Racial policies were developed to favour the economic interests of the landowners who owned the plantations and were descended from European colonists and immigrants. They discriminated between the owners and those who worked the land. The latter being slaves and regarded as a form of property. In Europe, especially in the northern Europe, there were no plantations. So that form of slavery did not emerge locally. But it was common in the colonies controlled by the European powers.
However, that is not to say that there were not disenfranchised groups and religious laws played a big role preserving the privileges on an elite and marginalised sections of the population. There are still echoes of the religious wars of the Reformation between Catholics and Protestants.

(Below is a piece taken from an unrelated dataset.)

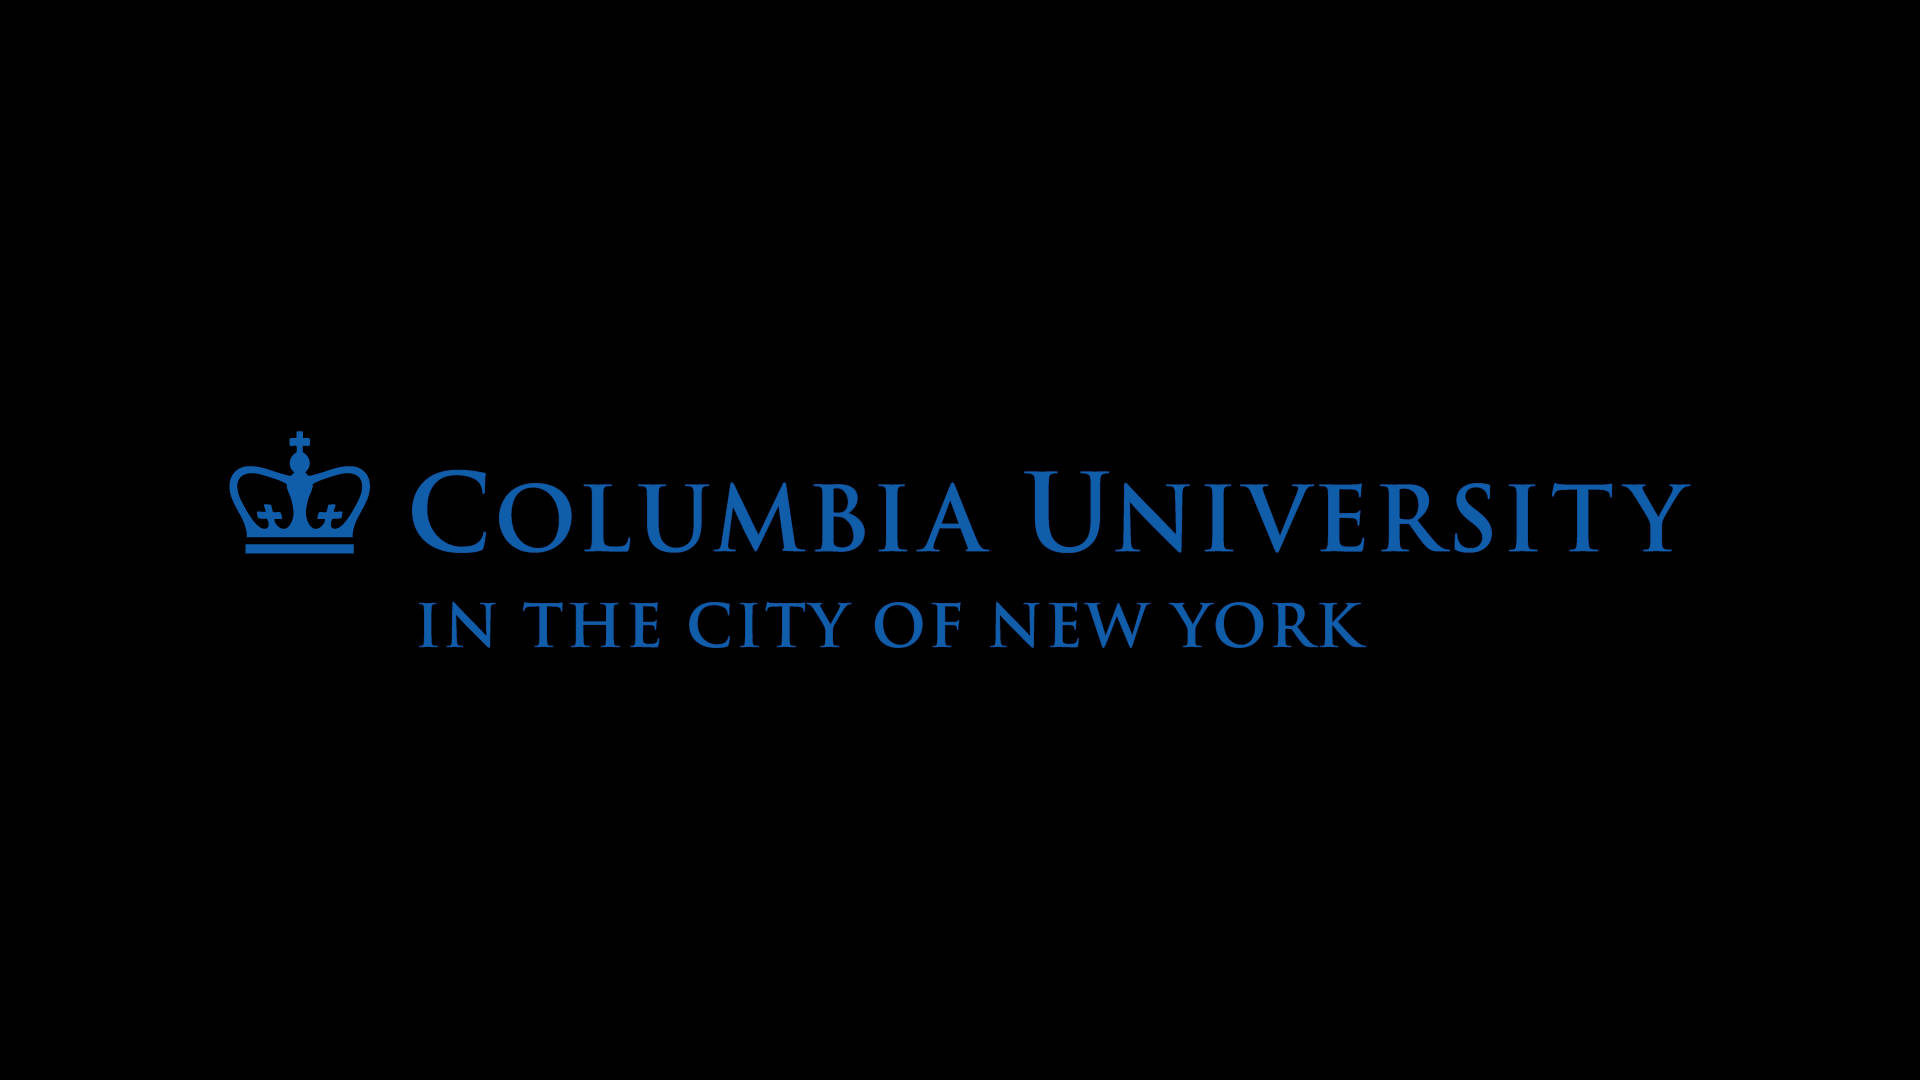 Columbiauniversity-logotypen Wallpaper

The Protestant UK has had a difficult and perplexing relationship with Catholic Ireland for centuries. Where most anti-Catholic laws were dismantled in the rest of the UK in the 19th century, religious discrimination persisted into the 20th.
The Civil Rights protests in the US inspired and informed similar movements in Northern Ireland in 1968 which led to what became a low level civil war known as ‘The Troubles’ that lasted until the Good Friday settlement in 1998.
This history is still very relevant today. While the constitution issues have been addressed and the legal system has been made fair, the Protestant and Catholic communities in Northern Ireland are still segregated, though it is improving.
While the racial politics of the plantation system relied up a persons appearance to discriminate, religious discrimination does not have such self evident clues as to status. Nonetheless there are lots of subtle clues that the locals are very good at picking up to tell Catholic from Protestant.
Politicians do not need a whole lot to divide up a population into Us and Them to suit their purposes.
Most countries have some sort of Civil Rights issue. No constitution of a nation state is without flaws. They all have baggage that flares up from time to time. As economies develop, new tensions emerge. We saw a lot of it during the industrial economy and now tension is rising again now the we find ourselves trying to make sense of this curious ‘service’ economy. There are a lot of folks in many developed economies who feel they are not well represented by the political system and are registering protests in one form or another.